§ **THE PROBLEM**: Lines holding the string "popcorn" are the ones to copy; find them all in the data.

§ **RECORDS SHOWN**:
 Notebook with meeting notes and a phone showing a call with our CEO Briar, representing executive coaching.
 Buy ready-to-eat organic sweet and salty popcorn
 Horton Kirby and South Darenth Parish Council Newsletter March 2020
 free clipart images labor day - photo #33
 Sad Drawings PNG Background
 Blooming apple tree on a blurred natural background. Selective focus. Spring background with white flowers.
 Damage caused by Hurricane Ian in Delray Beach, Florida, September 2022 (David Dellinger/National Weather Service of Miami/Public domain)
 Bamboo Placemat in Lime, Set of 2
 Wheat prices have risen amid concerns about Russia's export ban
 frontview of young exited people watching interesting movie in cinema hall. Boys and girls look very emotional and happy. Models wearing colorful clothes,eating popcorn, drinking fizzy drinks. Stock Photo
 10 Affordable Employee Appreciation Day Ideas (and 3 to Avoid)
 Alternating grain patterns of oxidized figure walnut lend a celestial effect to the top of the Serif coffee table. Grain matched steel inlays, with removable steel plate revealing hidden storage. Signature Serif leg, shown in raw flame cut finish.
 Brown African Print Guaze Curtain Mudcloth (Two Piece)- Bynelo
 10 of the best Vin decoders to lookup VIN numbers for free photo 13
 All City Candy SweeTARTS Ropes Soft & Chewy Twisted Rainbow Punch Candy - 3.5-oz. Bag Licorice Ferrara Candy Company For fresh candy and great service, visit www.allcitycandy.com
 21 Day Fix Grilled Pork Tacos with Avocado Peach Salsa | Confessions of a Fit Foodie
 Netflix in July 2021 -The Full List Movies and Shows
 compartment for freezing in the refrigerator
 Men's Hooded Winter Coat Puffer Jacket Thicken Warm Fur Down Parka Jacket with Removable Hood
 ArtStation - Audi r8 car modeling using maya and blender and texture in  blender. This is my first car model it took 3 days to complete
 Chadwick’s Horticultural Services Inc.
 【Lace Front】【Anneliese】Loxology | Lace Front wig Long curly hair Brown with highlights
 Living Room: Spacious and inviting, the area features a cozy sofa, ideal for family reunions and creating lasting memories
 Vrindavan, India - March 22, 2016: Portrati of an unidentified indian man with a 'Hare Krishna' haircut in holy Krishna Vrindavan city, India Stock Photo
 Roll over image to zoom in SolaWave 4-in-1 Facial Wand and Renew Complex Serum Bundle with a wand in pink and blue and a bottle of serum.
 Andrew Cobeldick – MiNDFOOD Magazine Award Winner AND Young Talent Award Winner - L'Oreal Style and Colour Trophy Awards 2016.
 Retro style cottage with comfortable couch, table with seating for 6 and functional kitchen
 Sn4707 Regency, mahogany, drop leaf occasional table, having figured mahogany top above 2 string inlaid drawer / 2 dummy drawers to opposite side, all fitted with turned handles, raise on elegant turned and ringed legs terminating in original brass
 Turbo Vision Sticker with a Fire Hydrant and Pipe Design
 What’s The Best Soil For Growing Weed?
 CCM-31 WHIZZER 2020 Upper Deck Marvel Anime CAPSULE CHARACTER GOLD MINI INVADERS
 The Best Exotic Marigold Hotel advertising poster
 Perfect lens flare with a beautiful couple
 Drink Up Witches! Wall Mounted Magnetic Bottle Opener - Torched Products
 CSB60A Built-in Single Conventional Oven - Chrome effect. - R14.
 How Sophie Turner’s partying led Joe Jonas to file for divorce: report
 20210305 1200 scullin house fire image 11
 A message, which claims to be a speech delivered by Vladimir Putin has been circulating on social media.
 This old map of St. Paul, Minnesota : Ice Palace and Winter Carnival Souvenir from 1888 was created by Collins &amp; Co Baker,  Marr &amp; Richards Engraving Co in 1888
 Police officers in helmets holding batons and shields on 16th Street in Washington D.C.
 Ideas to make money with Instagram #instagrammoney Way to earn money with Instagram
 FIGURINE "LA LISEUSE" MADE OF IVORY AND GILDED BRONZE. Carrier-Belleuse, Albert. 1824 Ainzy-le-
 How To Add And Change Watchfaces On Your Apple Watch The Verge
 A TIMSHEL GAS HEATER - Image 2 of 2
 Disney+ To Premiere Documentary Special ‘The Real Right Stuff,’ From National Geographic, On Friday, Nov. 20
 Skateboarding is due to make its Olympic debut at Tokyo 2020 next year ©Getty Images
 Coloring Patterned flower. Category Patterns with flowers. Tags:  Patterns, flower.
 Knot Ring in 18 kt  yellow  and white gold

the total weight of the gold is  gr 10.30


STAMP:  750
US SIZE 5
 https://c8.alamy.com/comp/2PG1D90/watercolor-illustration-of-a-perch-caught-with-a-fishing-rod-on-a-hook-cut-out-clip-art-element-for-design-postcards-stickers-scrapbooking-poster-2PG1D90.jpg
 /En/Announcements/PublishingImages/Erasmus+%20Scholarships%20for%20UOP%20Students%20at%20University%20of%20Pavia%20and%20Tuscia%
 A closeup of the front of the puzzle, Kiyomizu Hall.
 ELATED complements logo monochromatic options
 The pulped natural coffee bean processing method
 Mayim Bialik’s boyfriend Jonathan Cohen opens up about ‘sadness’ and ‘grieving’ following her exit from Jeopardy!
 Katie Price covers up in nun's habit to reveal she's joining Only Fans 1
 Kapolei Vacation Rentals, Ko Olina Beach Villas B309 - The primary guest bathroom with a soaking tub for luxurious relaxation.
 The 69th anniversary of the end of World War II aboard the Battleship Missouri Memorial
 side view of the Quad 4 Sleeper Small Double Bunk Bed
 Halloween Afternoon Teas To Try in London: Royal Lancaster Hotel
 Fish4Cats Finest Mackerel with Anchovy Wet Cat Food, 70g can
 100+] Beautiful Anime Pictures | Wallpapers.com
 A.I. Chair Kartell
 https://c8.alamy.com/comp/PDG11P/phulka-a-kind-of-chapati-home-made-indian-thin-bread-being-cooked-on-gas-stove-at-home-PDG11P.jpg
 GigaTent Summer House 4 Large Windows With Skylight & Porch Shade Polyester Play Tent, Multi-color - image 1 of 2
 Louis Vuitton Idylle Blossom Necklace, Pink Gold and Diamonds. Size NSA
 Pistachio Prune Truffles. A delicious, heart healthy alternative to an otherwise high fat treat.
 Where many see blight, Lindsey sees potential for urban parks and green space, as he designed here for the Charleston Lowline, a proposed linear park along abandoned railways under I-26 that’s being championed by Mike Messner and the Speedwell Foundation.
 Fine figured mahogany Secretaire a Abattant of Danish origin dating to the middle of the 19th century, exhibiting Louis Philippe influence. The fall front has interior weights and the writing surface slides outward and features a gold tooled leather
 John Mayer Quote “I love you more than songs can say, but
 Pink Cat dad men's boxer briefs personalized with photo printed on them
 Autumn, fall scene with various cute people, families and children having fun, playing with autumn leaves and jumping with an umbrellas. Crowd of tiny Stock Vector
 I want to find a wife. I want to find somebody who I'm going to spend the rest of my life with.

§ **ANSWER SPACE**:
 Buy ready-to-eat organic sweet and salty popcorn
 frontview of young exited people watching interesting movie in cinema hall. Boys and girls look very emotional and happy. Models wearing colorful clothes,eating popcorn, drinking fizzy drinks. Stock Photo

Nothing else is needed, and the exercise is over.